Multi-rotor design – Building a DIY Drone

Choosing to design your own drone, means choosing motors, ESC's, flight control and frame. In this page we're just going to look at brushless motors and what they will support.

Thrust

Most online hobby retailers will provide a thrust table for each of their motors. I've listed an example table below, along with a commonly used motor.

Example thrust table:
2212ThrustTable

Example Specifications:
KV ----------------------------------------------- 920
Configuration -------------------------------- 12N14P
Shaft Diameter ------------------------------- 3mm
Motor Dimension(Dia.*Len) -------------- Φ28х24
Weight(g) --------------------------------------- 48g
ldle current(10)@10v(A) ------------------- 0.4A
No.of Cells(Lipo) ----------------------------- 3-6S
Max Continuous current(A)180S ------- 20A
Max Continuous Power(W)180S -------- 400W
Max. efficiency current --------------------- (3-10A)>85%
internal resistance --------------------------- 62mΩ

The 2212/920KV motor is classically found in DJI Phantoms I and II. The only part of this information that is not of use is the shaft diameter, because the prop adapter is part of the bell.

The thrust from a quad copter's motors is best considered at a minimum of half of the weight of the aircraft, including batteries. 7.2A is about half the maximum current this motors will take, I wouldn't go to 20A. So the aircraft could weigh 2.6Kg and fly OK.

Weight

2.6 kg is rather heavy and 6 minutes is not really enough flight time. The battery will be operating at 10 C in a hover. That's where the six minutes comes from. Even though we have chosen a 20C battery the battery won't last long used like this. So the aircraft would have to be significantly lighter to obtain a reasonable flight time. A 1 kg craft, would be a much better option.The DJ I Phantom is about this weight. But it doesn't include a camera and gimbal.That's why DJI chose this motor for the phantom.

Weight accessment
1. motors 48g x 4
2. ESCs 30g x 4
3. Propellers 15g x 4
4. 3000mAh 3S battery 240g

Total=612g

The frame, flight control and receiver, will make up the rest of the weight. We had about 400g to work with.This is a fairly tight ask, but do-able.

The camera and gimbal will constitute a payload of ~300g. A reasonable quality gimbal will be 160g – 210g and GoPro Hero 4 about +75g, depending on the model.

In total have a weight of around about 1300 g.
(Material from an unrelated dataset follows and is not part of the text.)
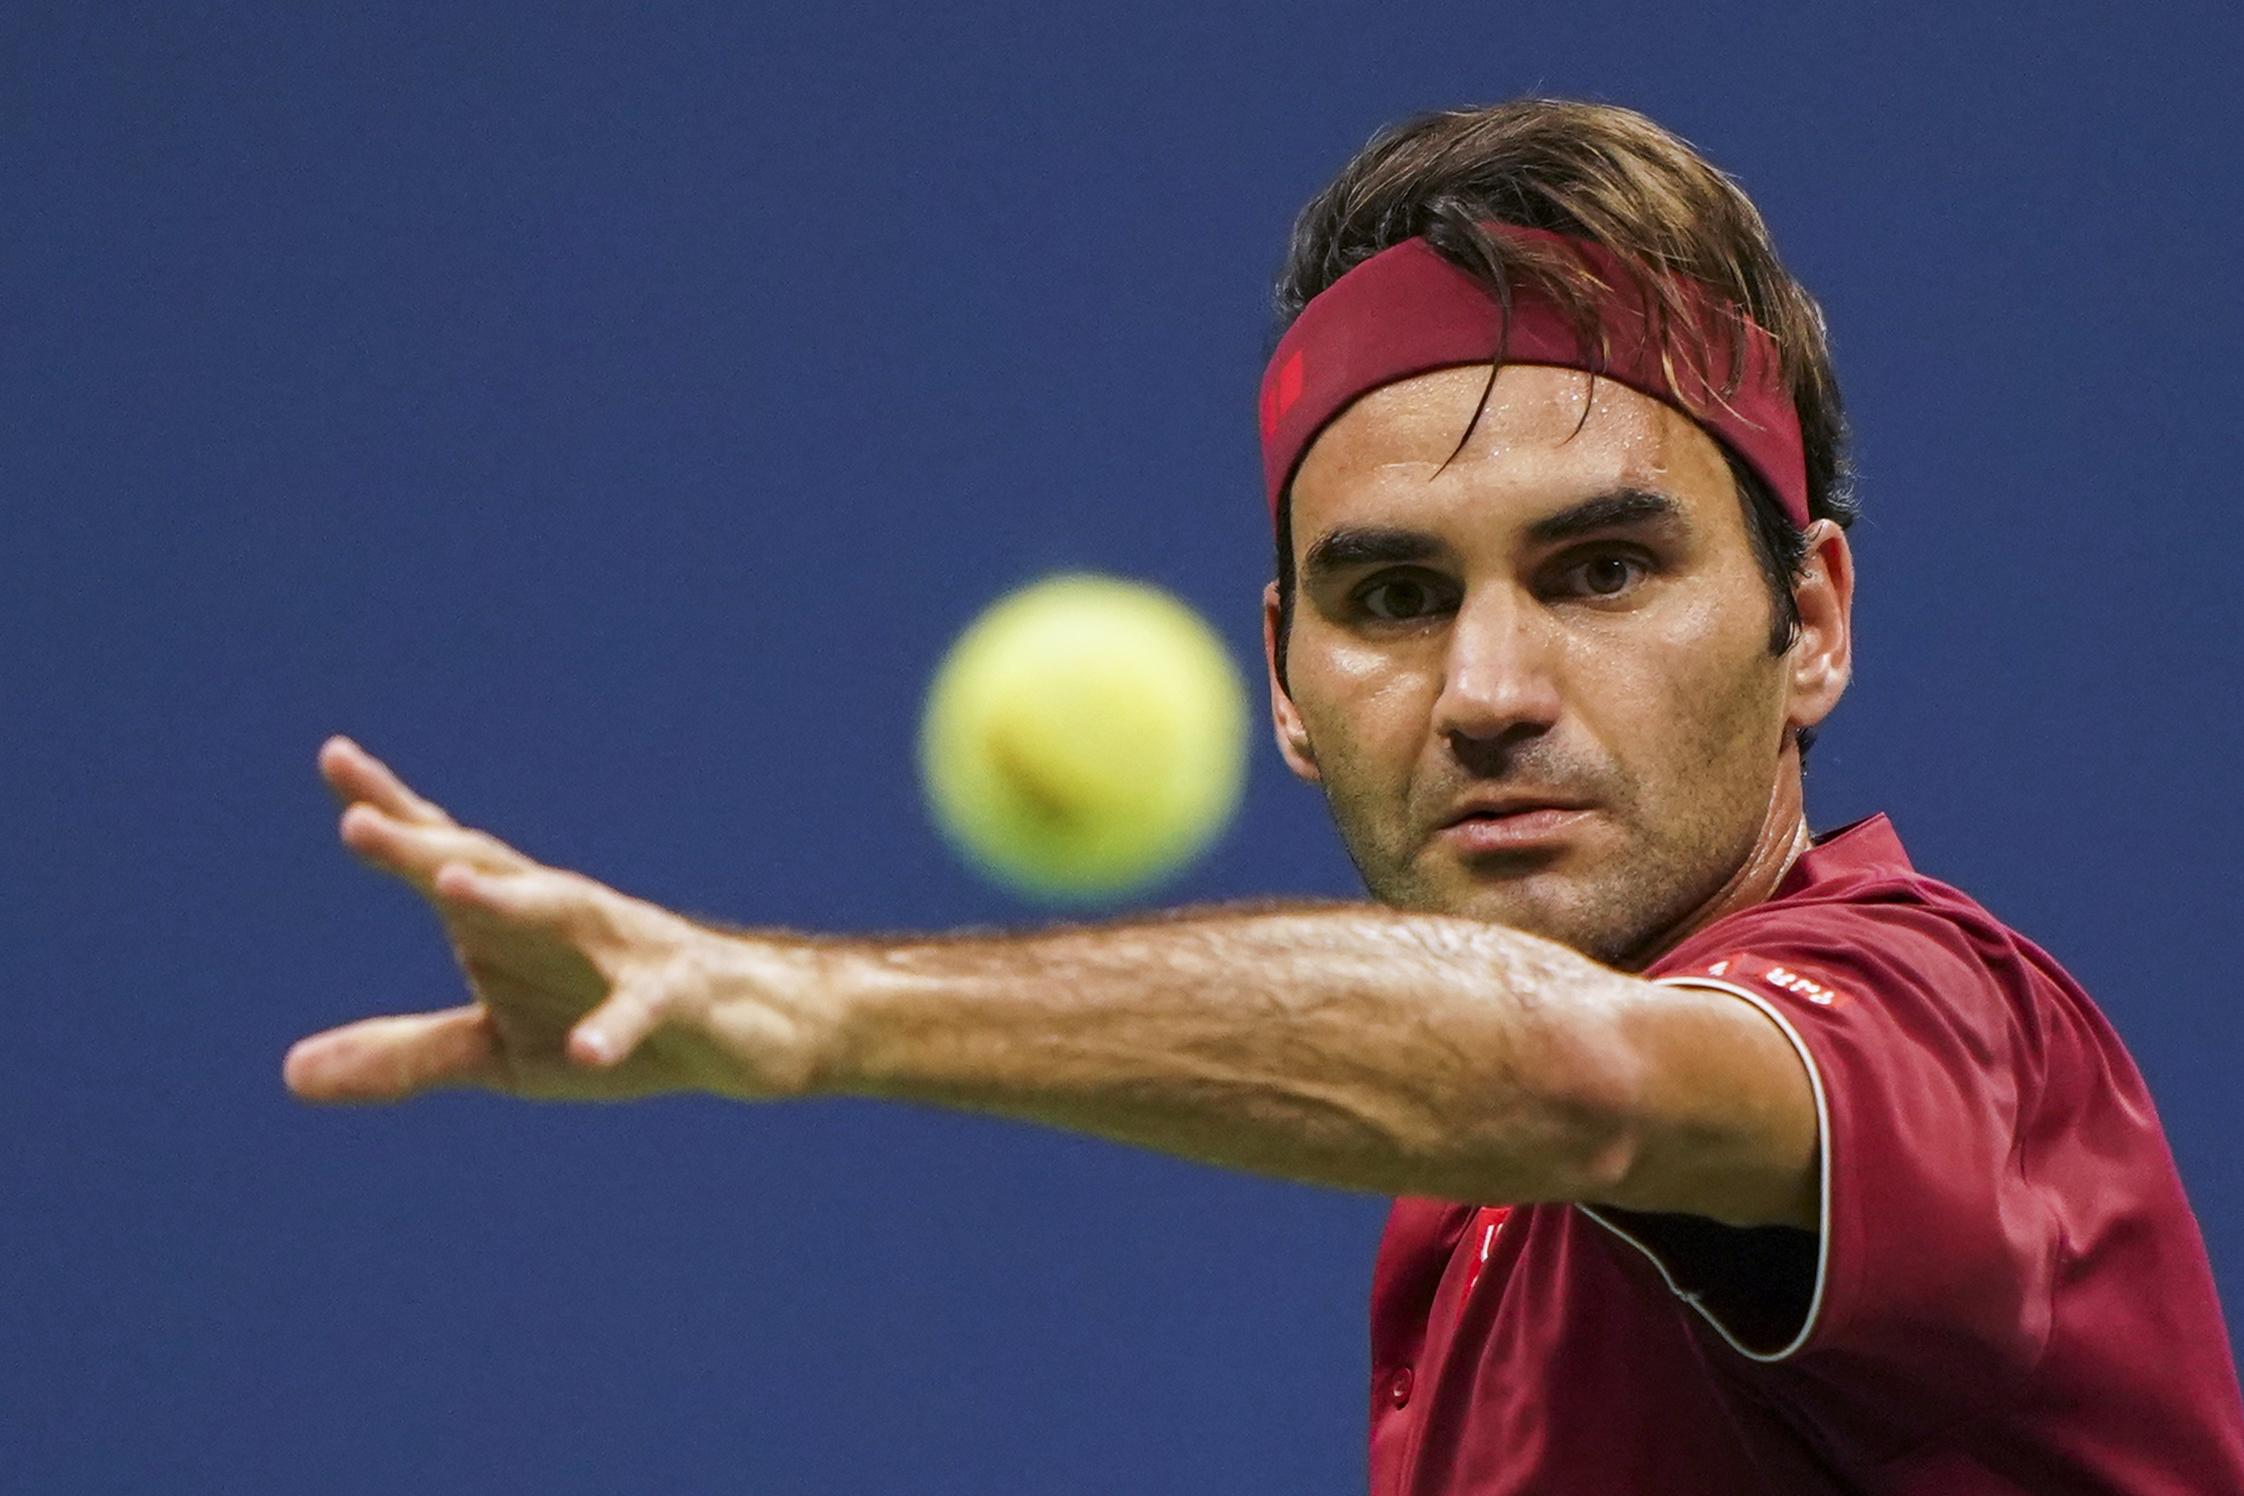 Europa-Duo Zverev/Federer (Bild) verliert gegen US-Team

This is a about half of that calculated maximum weight. This should take our flight time to about 12 minutes with a camera and gimbal. My experience is, that you can usually take this up to about 15 minutes. As the battery ages and this will decrease again.(note: I don't own a Phantom)

Agian, you can see in this description, why DJI chose this motor for its DJI Phantom I. Many copycat manufacturers, have use this model to produce their own.If you wish you can use this model to produce your own DIY version.But it is more important to understand the process by which you calculate what you require in a motor, propellers etc.

The most important factors here are thrust versus weight of motors and supporting hardware. Air time is not just dependent on the capacity of the battery.The batteries weight increases with its capacity. This is counter-productive.

Propellers

Larger propellers are often more efficient. Large propellers require a large talk from the motor.Larger talk motors usually have a larger diameter. This is because the magnets have leverage over the driveshaft. This leverage converts to talk. Low torque motors produce heat if they can't cope with the talk requied by the propellers. So just applying larger propellers will not usually solve your problem. You need to match the propellers to the motors or vice versa. I'll deal with this calculation in our later article.

The thrust table provided by the supplier is so valuable that it would have to effect choice of motor in the design process. You can make your own but this could be very time consuming.

Conclusion

Please note that the above scenario is one of a few possible scenarios, based on the thrust table. The whole idea is you can build anything you can imagine, to know if it will fly you need to apply the principles above. Good luck and be persistent.